Summary table on the estimations to break classical cryptographic through quantum algorithms, and potential countermeasures (Source: Quantum Computing: Progress and Prospects)

It can be said that modern cryptography was born in the mid-70s, with algorithms such as DES, for symmetric encryption, and Diffie-Hellman, for key establishment. Since then, there have been a handful of changeovers from an algorithm widely established to another one. Some of these migrations have been: from DES and Triple-DES to AES; from MD5 and SHA-1 to the SHA-2 family; from the RSA key transport and the Diffie-Hellman finite field to the Diffie-Hellman key exchange elliptic curve; and from the RSA and DSA certificates to the ECDSA certificates.

Some of these changeovers have been successful: AES can be found almost everywhere and modern communication protocols mainly use the ECDH key exchange. However, those changeovers involving public key infrastructure have been unequally successful: browser providers and Certification Authorities have gone through a lengthy transitional period from SHA-1 to SHA-2 on certificates –with repeated delays–, the changeover to elliptic curve certificates has been even more slow and, in spite of it, most of the certificates issued for the web continue using RSA.

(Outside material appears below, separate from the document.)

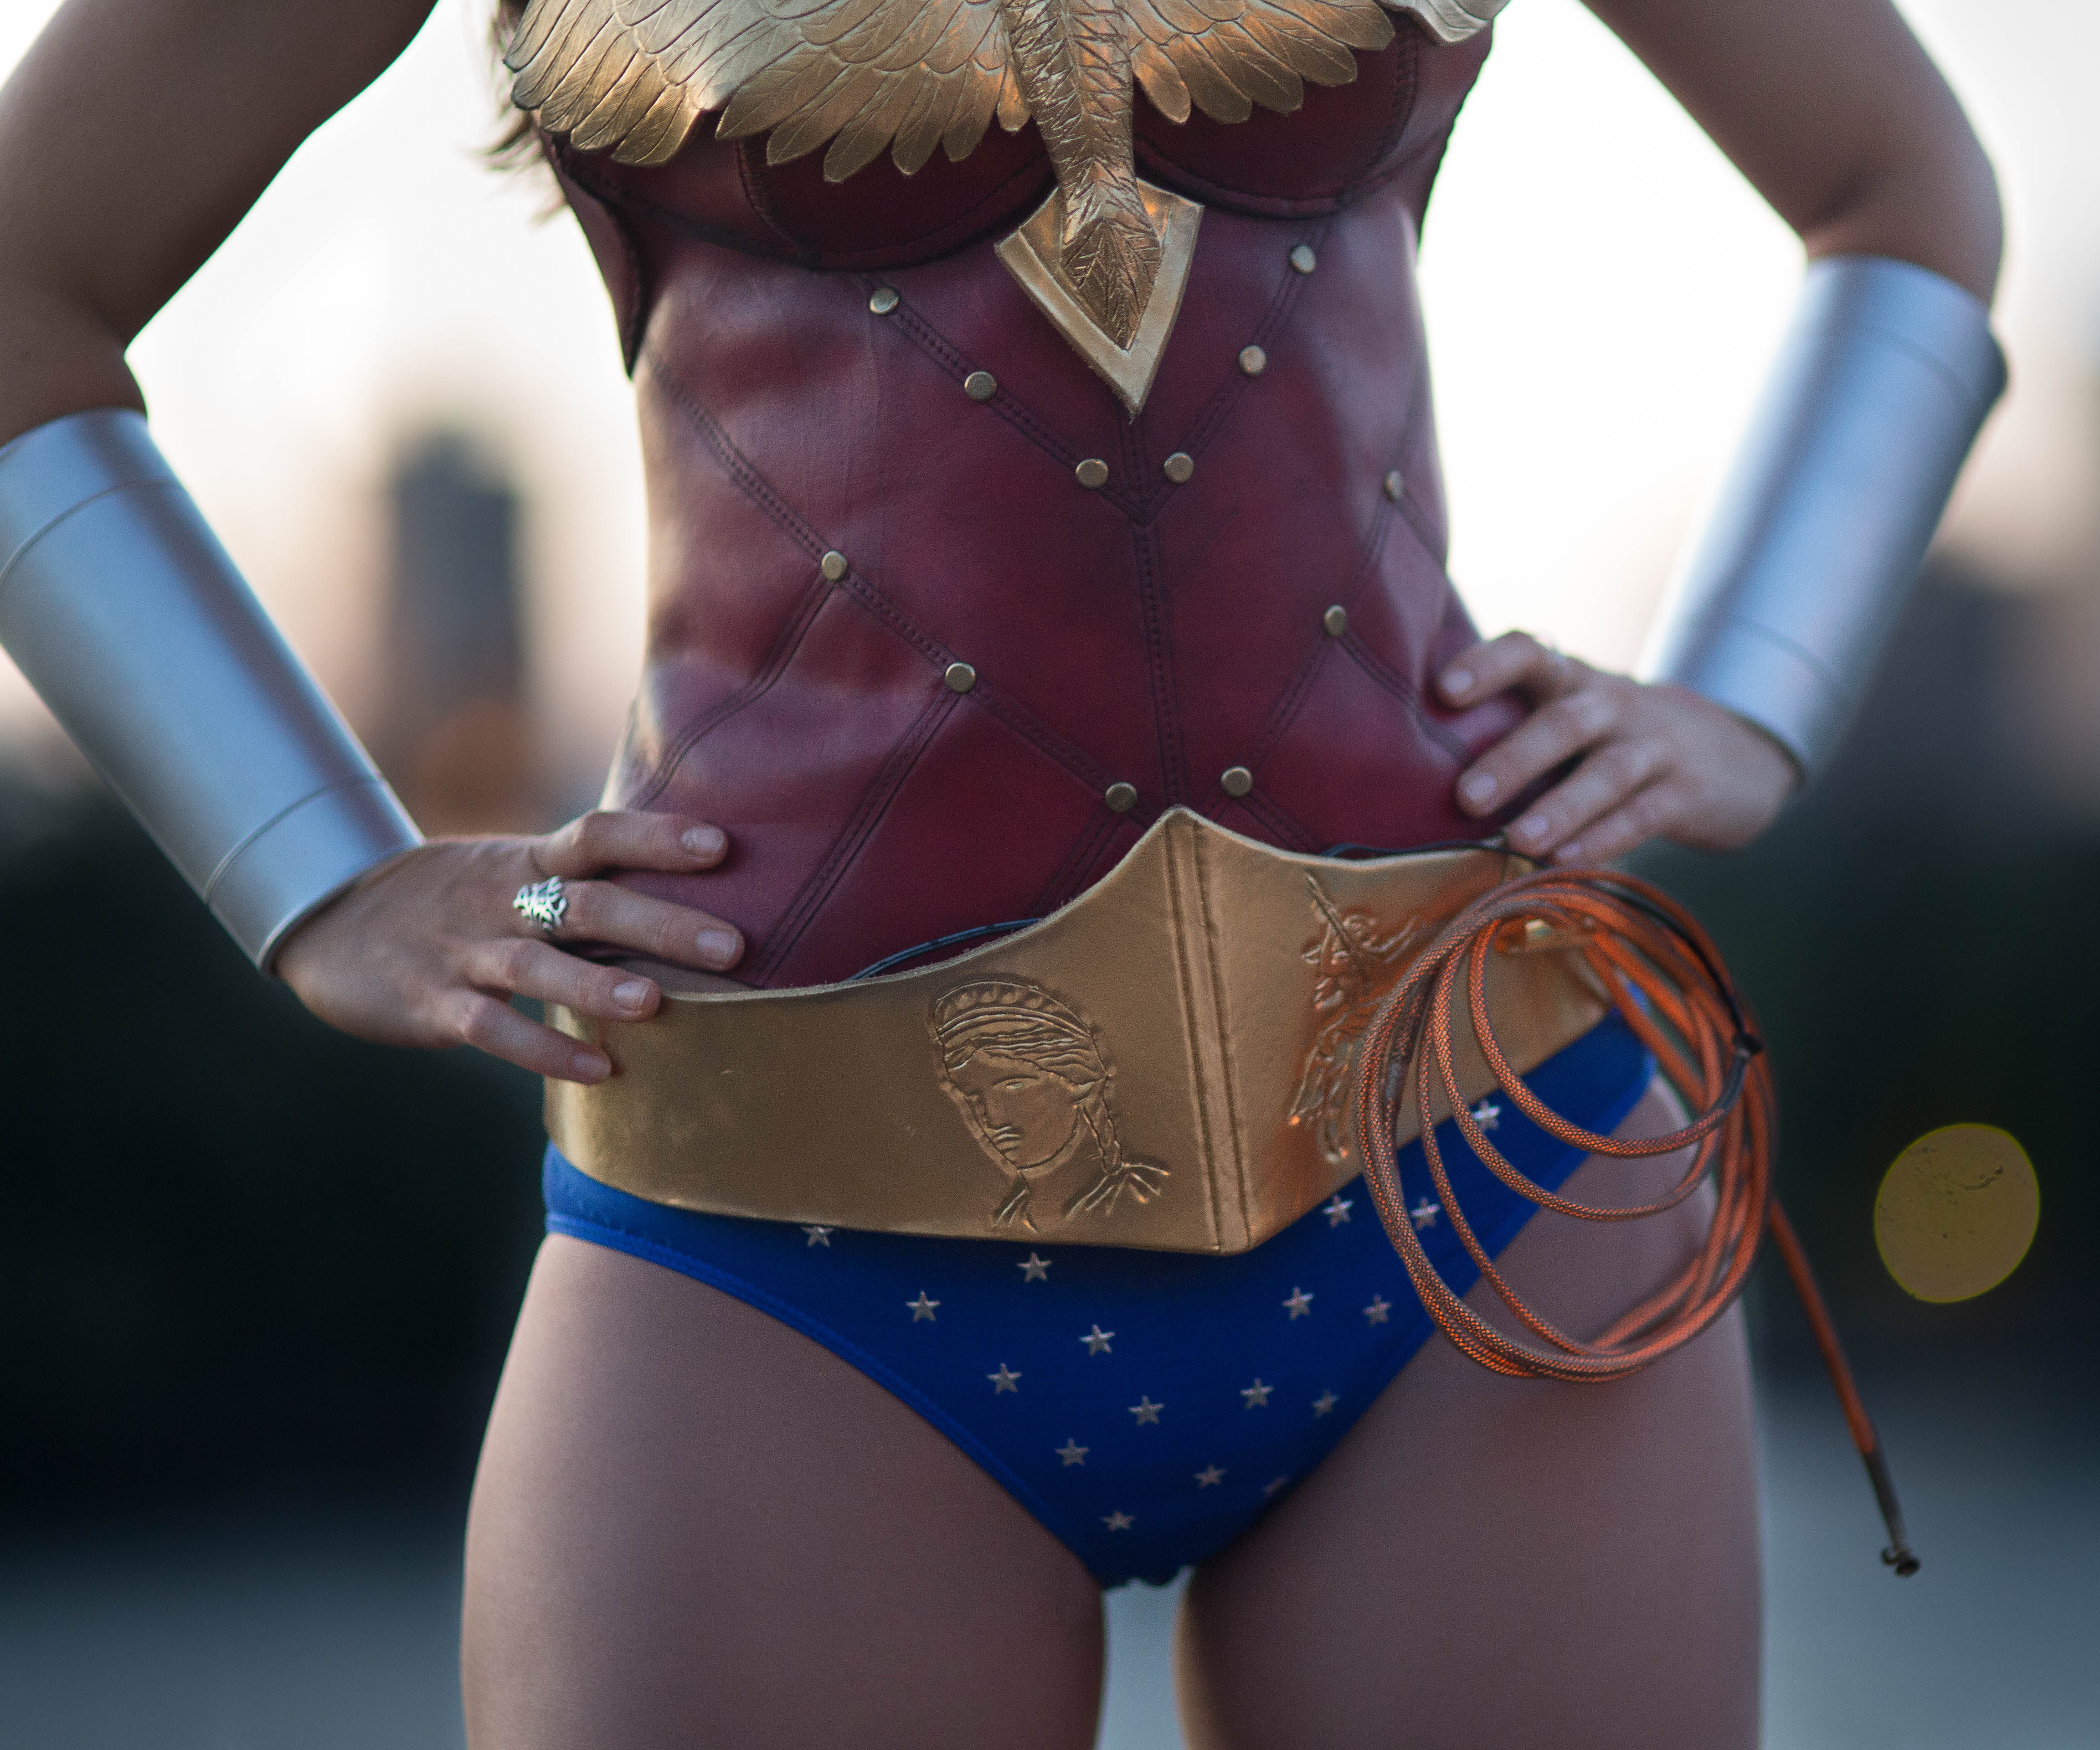 Detailed wonder woman costume

In the medium term, it is likely we will be forced to experience a new changeover: towards the post-quantum public key cryptography.

First of all, it is important to spell out that when we talk about ‘the end of RSA, DSA and ECDSA’ and ‘the end of cryptography’, we are talking about two different things. There is cryptographic life beyond RSA, DSA and ECDSA. Since the mid-80s, there have been cryptographic algorithms based on the difficulty in solving mathematical problems different from the integer factorization and the discrete logarithm. The three best-studied alternatives are:

• Hash-based cryptography: as its name suggests, it uses secure hash functions resisting quantum algorithms. The disadvantage is that it generates relatively long signatures, so limiting its use scenarios. Leighton-Micali Signature Scheme (LMSS) is one of the strongest candidates to replace RSA and ECDSA. 

• Code-based cryptography: the coding theory is a mathematical specialty on information coding rules. Some coding systems are quite difficult to decode, in a manner that they often require exponential time, even for quantum computers. The best-studied cryptosystem so far has been McEliece, another bright candidate for key exchanging.

• Lattice-based cryptography: it might be considered the most active research field on post-quantum cryptography. A lattice is a discrete set of points in space that has the property that the sum of two points on the lattice is also on the lattice. A difficult problem is to find the Shortest Vector Problem of a given lattice. All classical algorithms require a time that growths exponentially according to the lattice size to be solved, and it is thought that the same will apply to quantum algorithms. Currently, there are several Shortest Vector Problem-based cryptosystems.

Consequently, the great difficulty is not the lack of alternatives. The painful problem will be the time of transition to one of the alternatives previously described:

• Firstly, postquantum algorithms must be selected and standardized by institutions such as the NIST.

• Then, the standard must be incorporated into the cryptographic libraries currently in use by the most popular programming languages, cryptographic chips and hardware modules.

• Afterwards, they must be integrated within the cryptographic standards and protocols, such as PKCS#1, TLS, IPSec, etc.

• After that, all the sellers must include these standards and protocols in their products: from hardware manufacturers to software developers.

• Once all software and hardware products have been updated, it will be necessary to perform again the following actions: issue all the certificates, encrypt all the stored information, sign and distribute the code, get rid of all the old copies, etc.

How long this process will be? Considering previous migrations, such as the SHA-1 and SHA-2 ones, and taking into account the additional complexity, no less than 20 years. When the first quantum computers capable of attacking RSA, DSA and ECDSA are expected to be available? Not before 15 years.